DATASET RECORDS:
+ + + + + + +
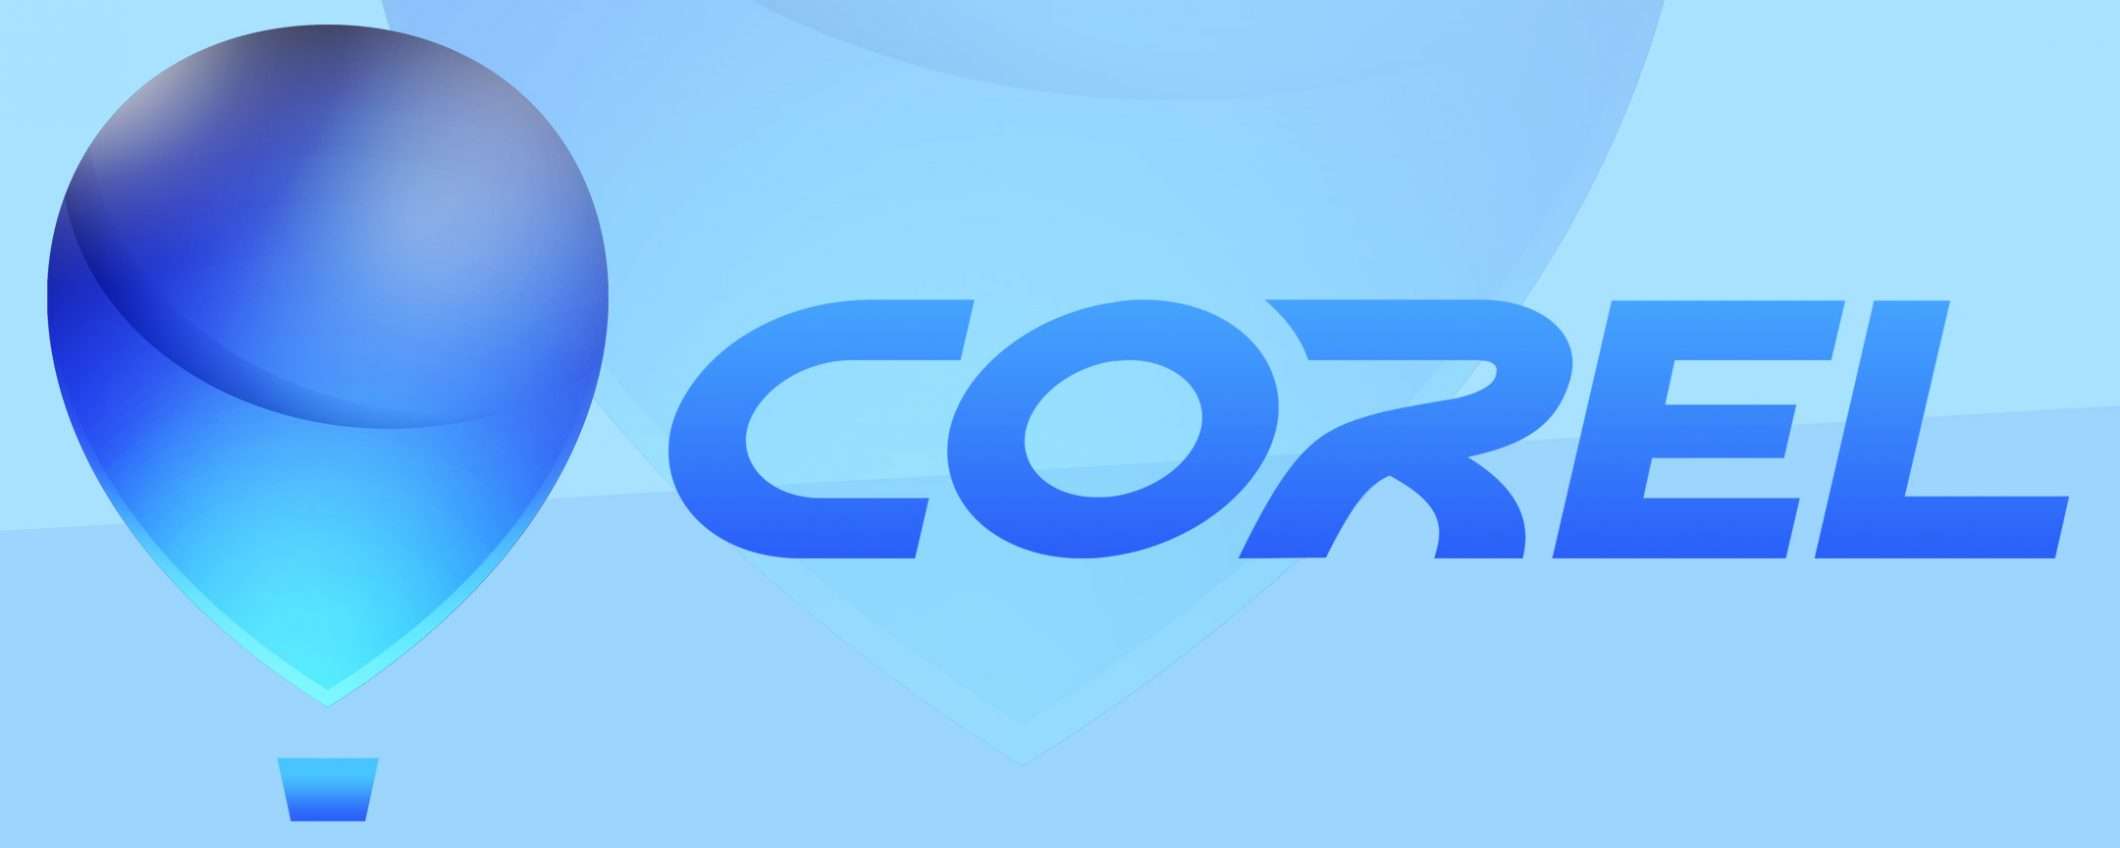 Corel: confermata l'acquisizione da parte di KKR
+ + + + + + +
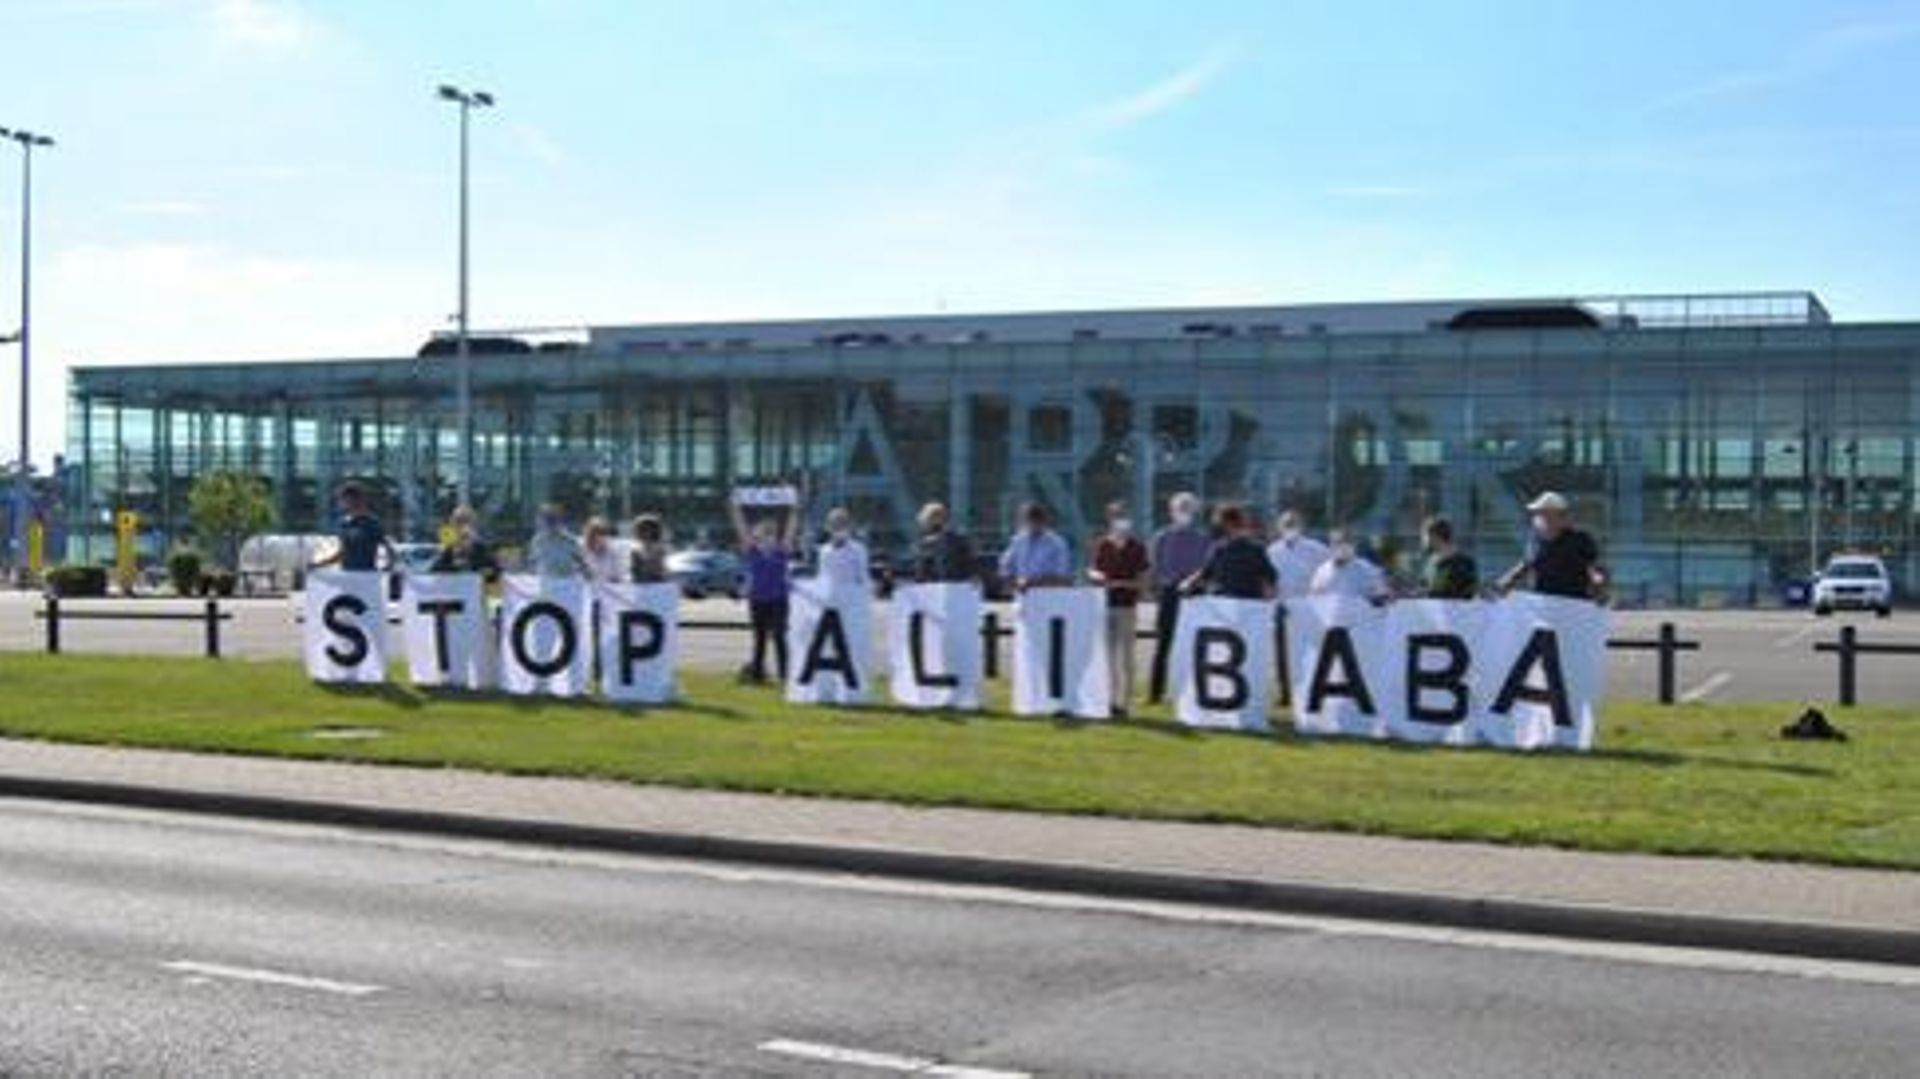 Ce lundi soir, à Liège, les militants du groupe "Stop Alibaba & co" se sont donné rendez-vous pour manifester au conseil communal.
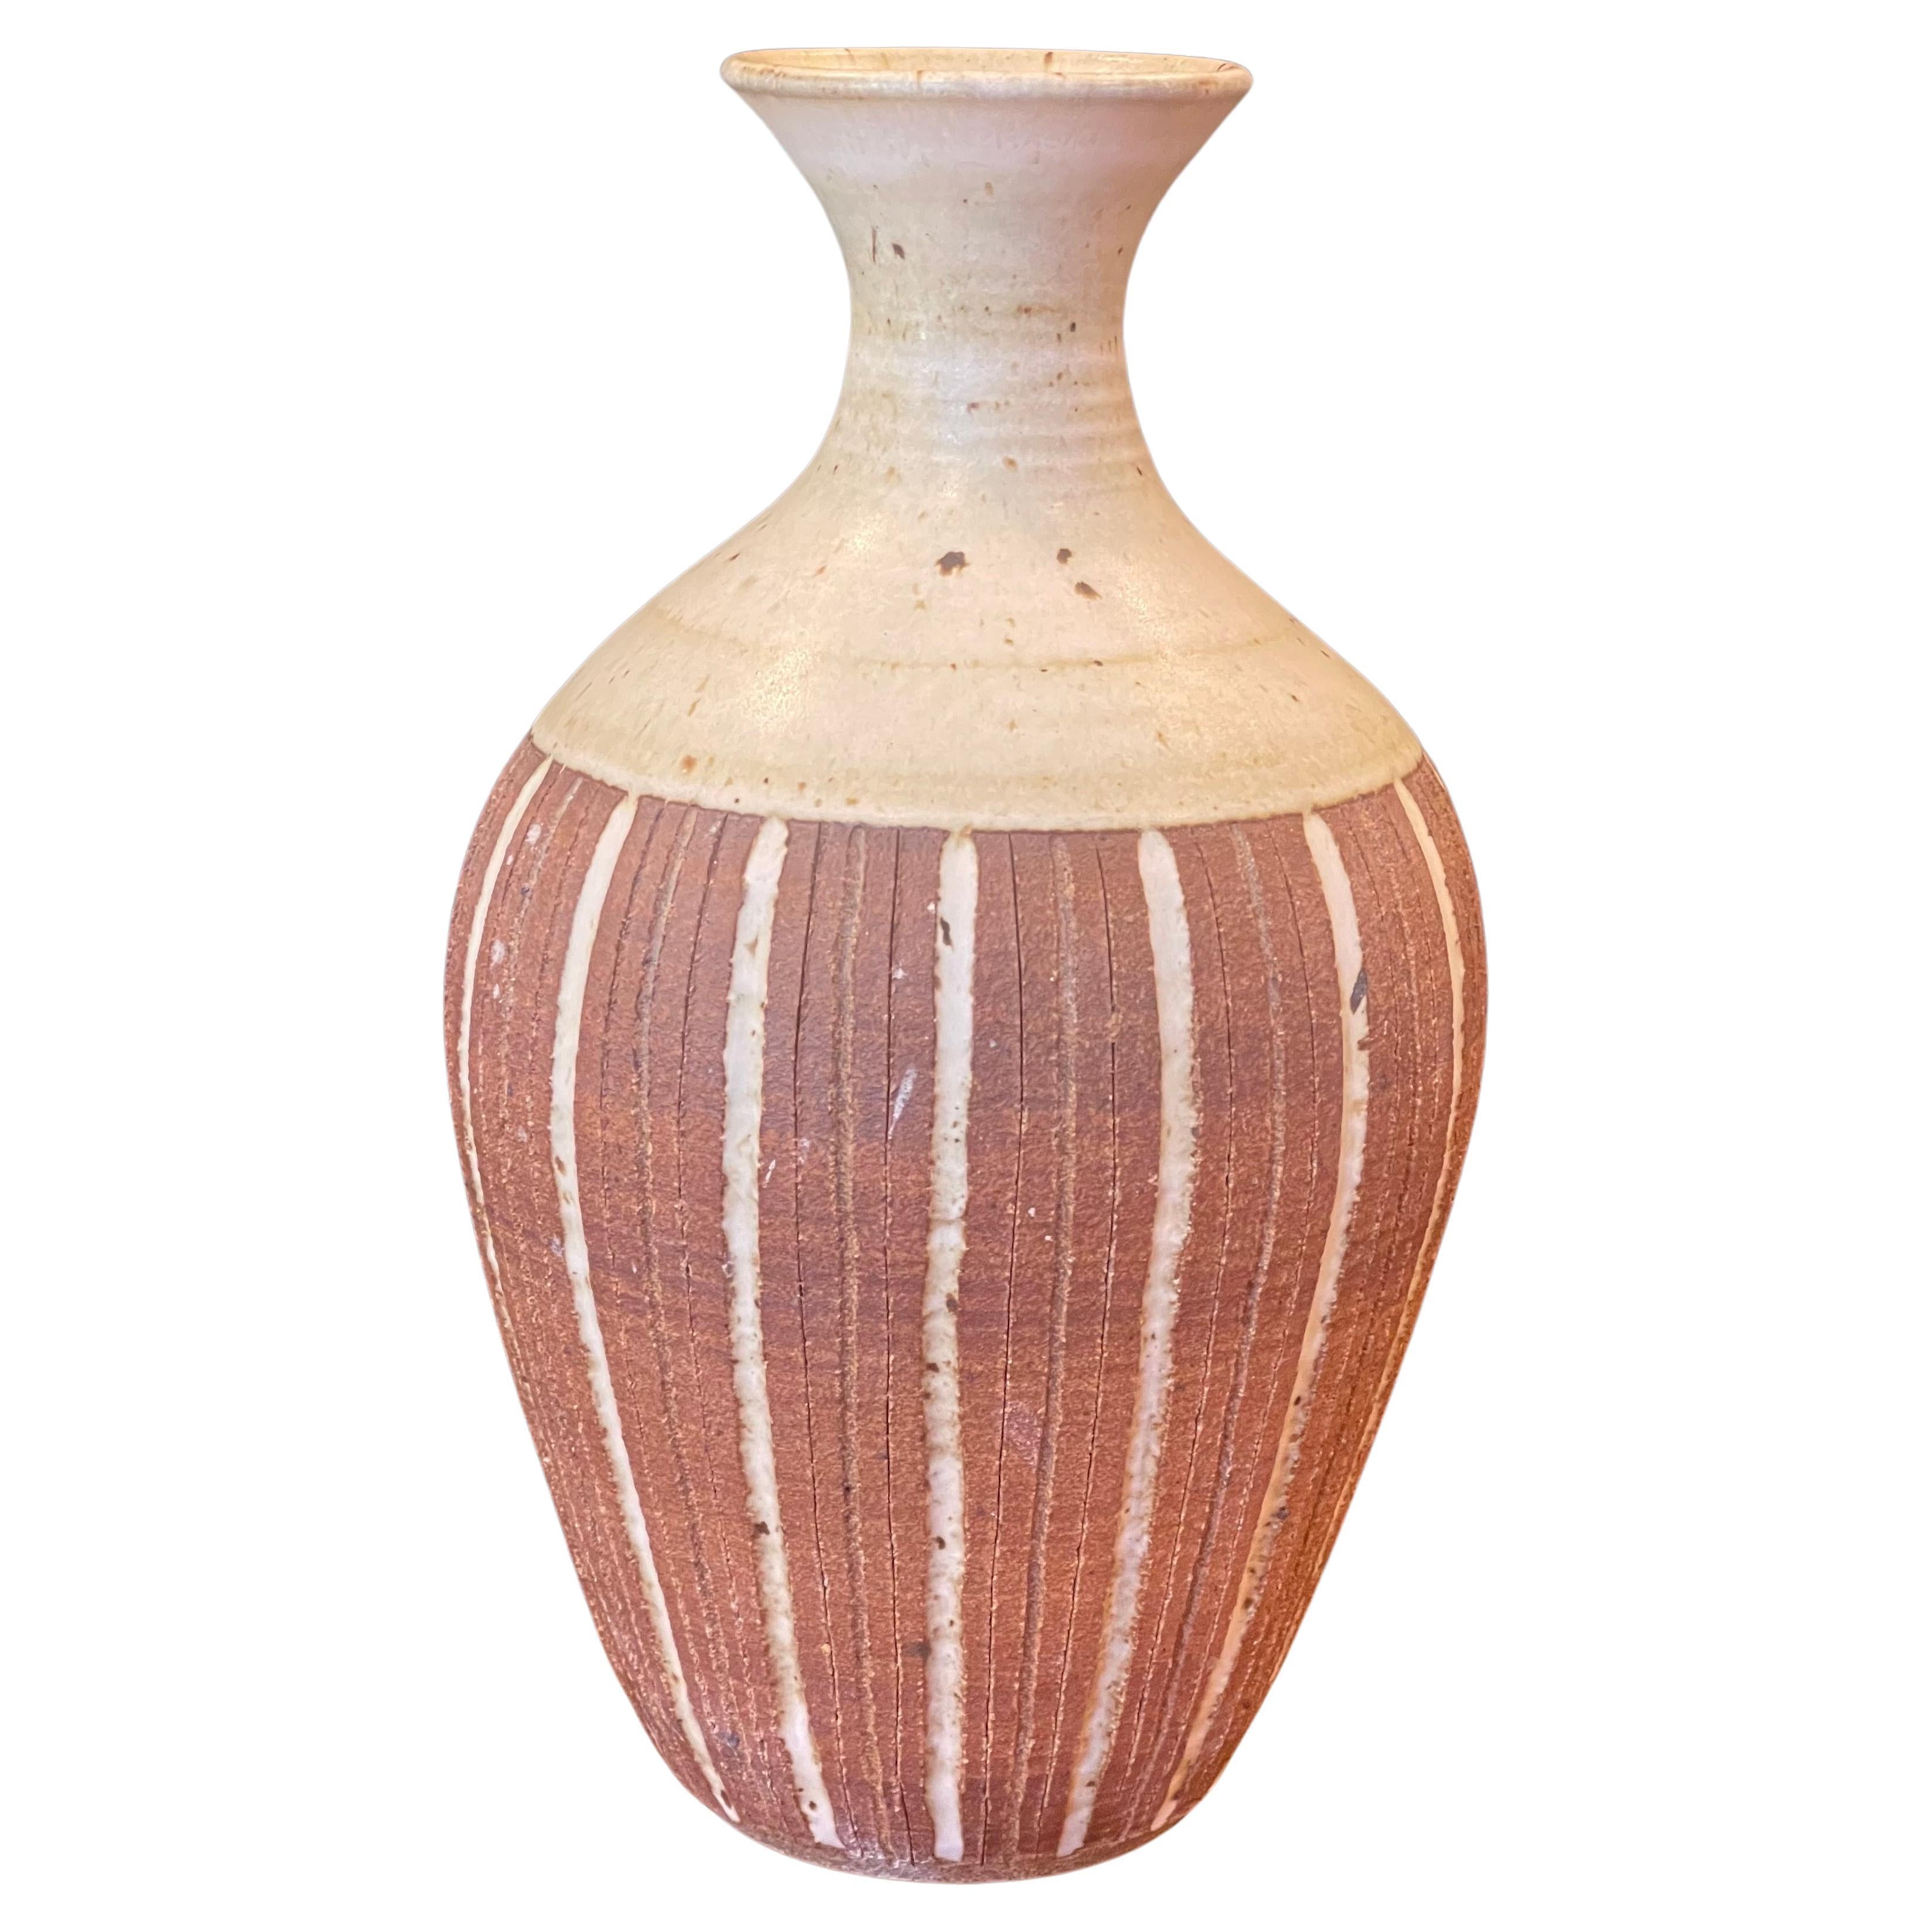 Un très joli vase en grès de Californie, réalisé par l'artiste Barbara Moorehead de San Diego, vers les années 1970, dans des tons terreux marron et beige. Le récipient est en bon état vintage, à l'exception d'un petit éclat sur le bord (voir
+ + + + + + +
TASK OBJECTIVE: Every line above from the one with "Ce lundi soir, à" down to the one with "Un très joli" must be written out exactly, and no picture may appear.

RESPONSE TO THIS EXERCISE:
 Ce lundi soir, à Liège, les militants du groupe "Stop Alibaba & co" se sont donné rendez-vous pour manifester au conseil communal.
 Un très joli vase en grès de Californie, réalisé par l'artiste Barbara Moorehead de San Diego, vers les années 1970, dans des tons terreux marron et beige. Le récipient est en bon état vintage, à l'exception d'un petit éclat sur le bord (voir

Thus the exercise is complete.